Made sure I clicked 'Save' to save the edited version of the script. (You have to do this before running the next step. If you happen to run the notebook first according to the next step, make sure you restart the kernel after editing the script or the changes will not take effect.)

  1. Then I double-clicked on 'UserInterface_v0.3.2.ipynb' in the list and opened it and began running cell number 1 of the notebook.
    For the questions that came up, like so:
    Gene name: eGFP

    As the sequence of the sense strand "of your cDNA" I used the following for no particular reason other than to have something to use that I got from chrmt.fsa:

TAAATTAATAAAATAATAATACCATTTATATATTCCATTATATATATATATTTAATAAAAATAATAATATCATTTATATATTTTATTATATATTATATATATTTTATATAAAATAATAATAATAAATTTATATTTTTATATATTATTATTAAATAATAATAATATAAATAACTCCTTCGGGGTTCGGTCCCCACGGGTCCCTCACTCCTTCTTAAGAATAAAAAGGGGTTCGGTCCCCCTCCCGTTAGTACACGGGAGGGGGTCTCTCACTCCTTCTTAAAAAATAAAAAGGTGGAAGGACTAATATAATTTTAAATAATAATTAATACTTTAATAATAATTTGTATTTCTTTATTATTAATATATTAAATATAATAATAATTAATATAATTACAATATATTAATATTATCAAATATTAATAAATATACTTTTTTATATAATTTATTTATTTATTTATTTTTTTTTTATTAAACTAATTA

amplifier: B1
How many bases from 5' end: 40
max acceptable length for polyA or polyT homopolymers: 6
max acceptable length for polyC or polyG homopolymers: 6
Do you want to choose program options? Y
able to select between potential longest probe sets? N
BLAST potential probes against a FASTA file? Y
Where is the FASTA file: 'chrmt.fsa' <== with single-quotes!!
display detailed BLAST outputs: Y
eliminate probes that appear in low quaility[sic] BLAST outputs: Y
display chosen parameters: Y
limit the number of probes made: N

Then it will run.
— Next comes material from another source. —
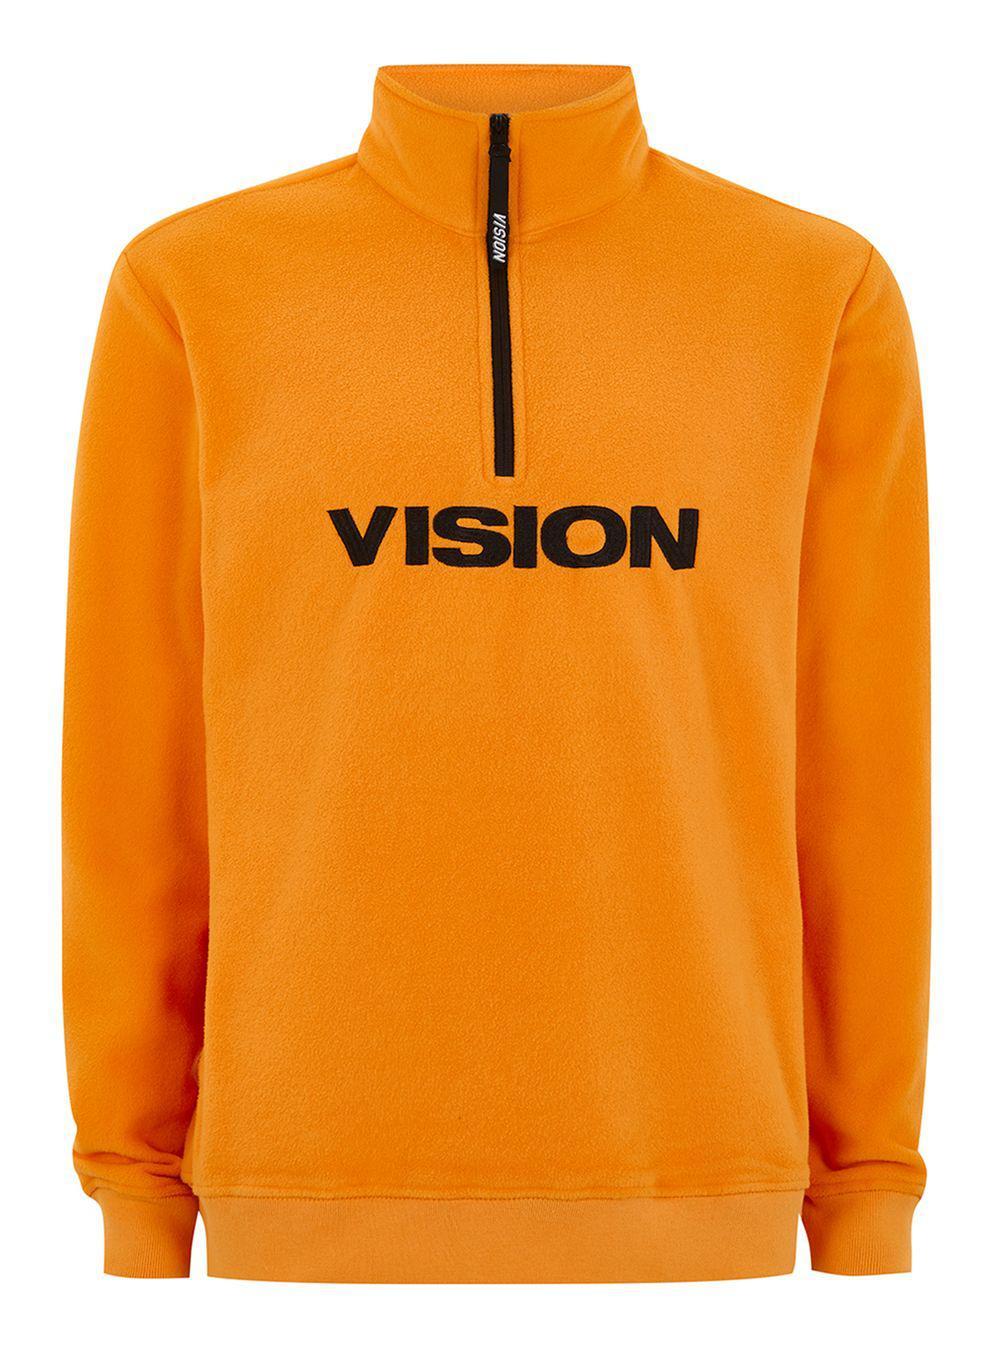 ee8404073 TOPMAN Vision Street Wear Yellow Half Zip Track Top in Yellow for ...

The BLAST results are shown under the heading 'This is a detailed look at the probes with good matches'.


I do note that entering an incorrect link to the sequence file to use for BLAST file results in (wrong file in this case is 'C:/users/user fake/***.fasta':

ApplicationError: Non-zero return code 1 from 'blastn -outfmt 6 -query eGFPPrelimProbes.fa -subject "\'C:/users/user fake/***.fasta\'" -task blastn-short', message 'Command line argument error: Argument "subject". File is not accessible:  `\'C:/users/user fake/***.fasta\'\''

That's not the same error you reported but it is it possible you fixed it later or that Windows reports different things than Linux for the path to the sequence file not working correctly?
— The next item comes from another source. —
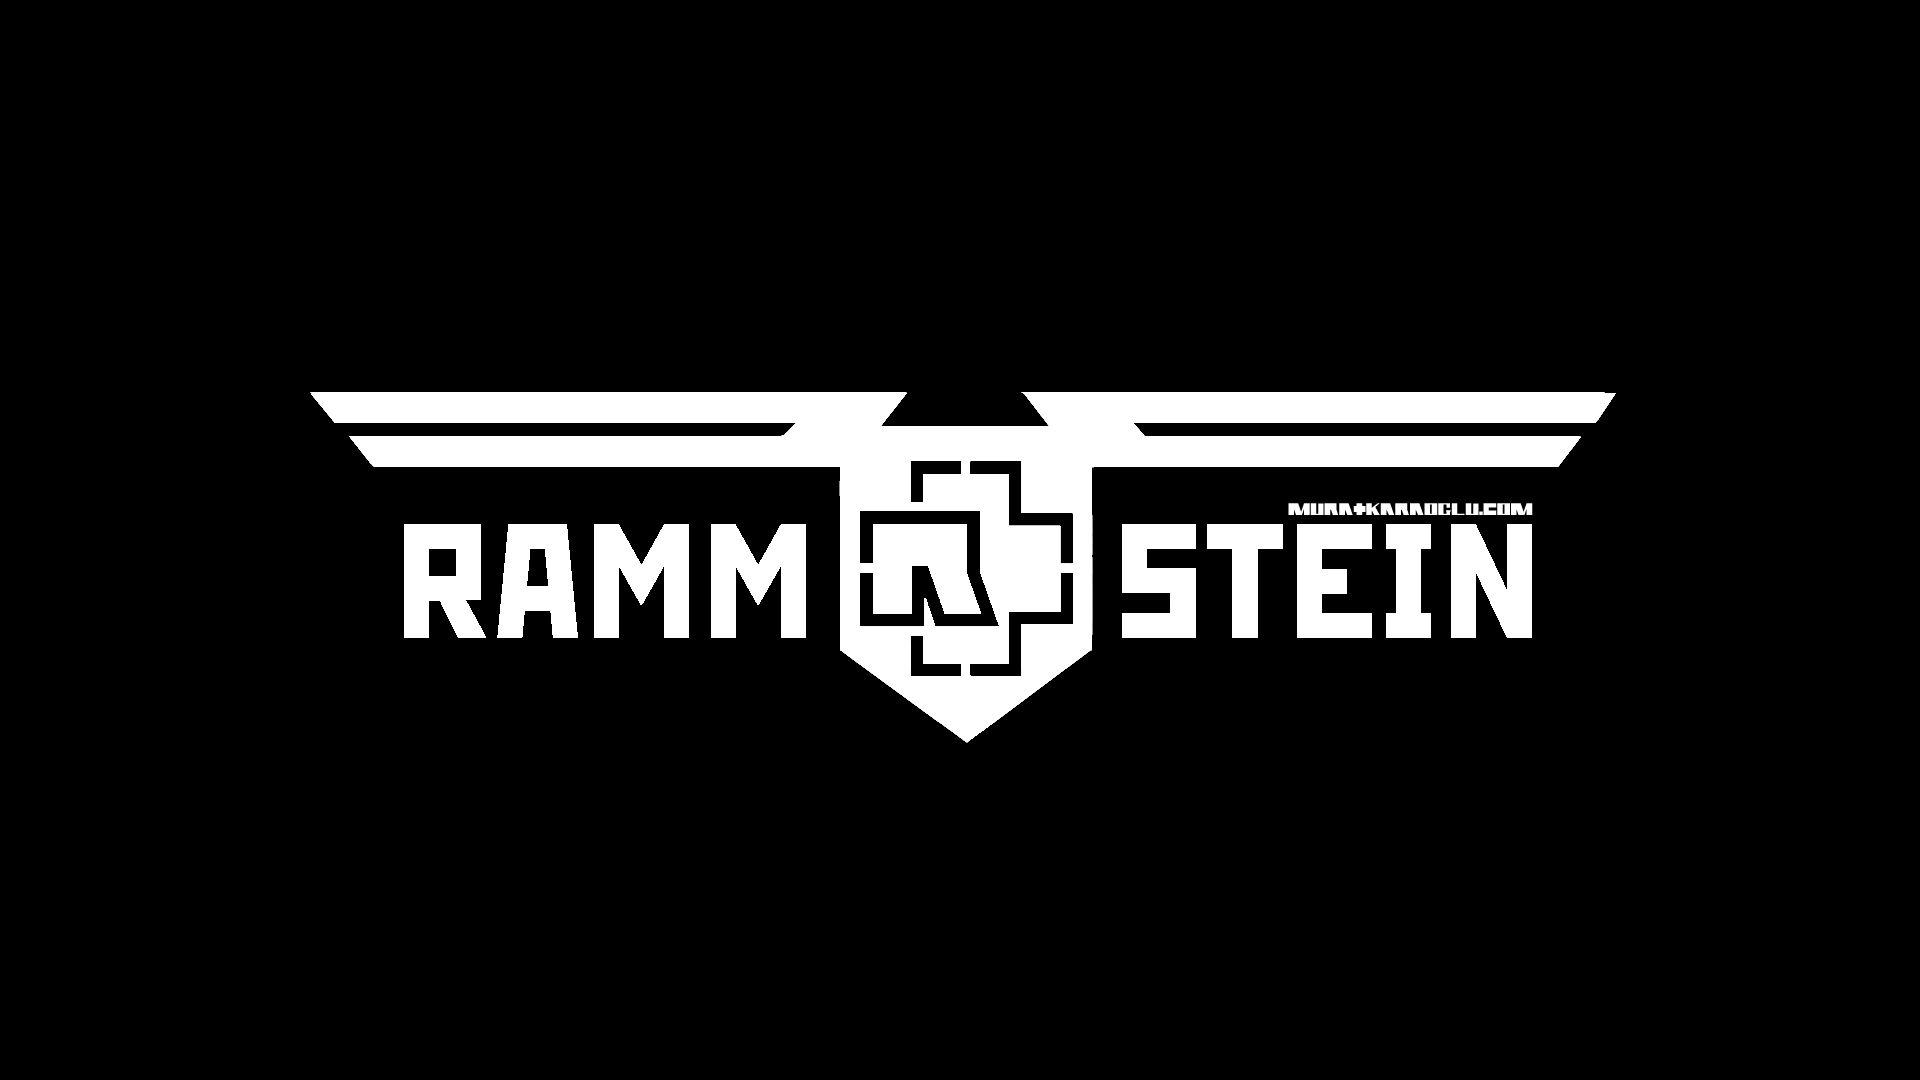 31 Rammstein Wallpapers Rammstein Backgrounds Rammstein Band Logos Logos

Note that when you run it above, you will see several warnings about future deprecation, such as this:

/home/jovyan/insitu_probe_generator/maker37cb.py:396: FutureWarning: The frame.append method is deprecated and will be removed from pandas in a future version. Use pandas.concat instead.
  remove = remove.append({'pos1' : newlist[a][0], 'seq' : str(fullseq[newlist[a][0]:(newlist[a][0]+25)]+"nn"+fullseq[(newlist[a][0]+27):newlist[a][1]]), 'pos2' : newlist[a][1], 'fasta':nm, 'num':a}

For now the code works, if Pandas begins enforcing things, the code would fail in the future when run with a new version of Pandas.
This is one of the big problems with using abandonware. Plus the developers haven't specified what versions of things worked at the time they developed the code. If that was included, then the versions to install in the environment to run it can be pinned to those and things should work as at the time the code was written.

In this case, it should simple fix, similar to what I already built in for np.float64 use. But you can see how things like this can accumulate over time. It would be preferable if the developers periodically kept updating it as approaches and methods within the dependencies get adapted to keep the code current.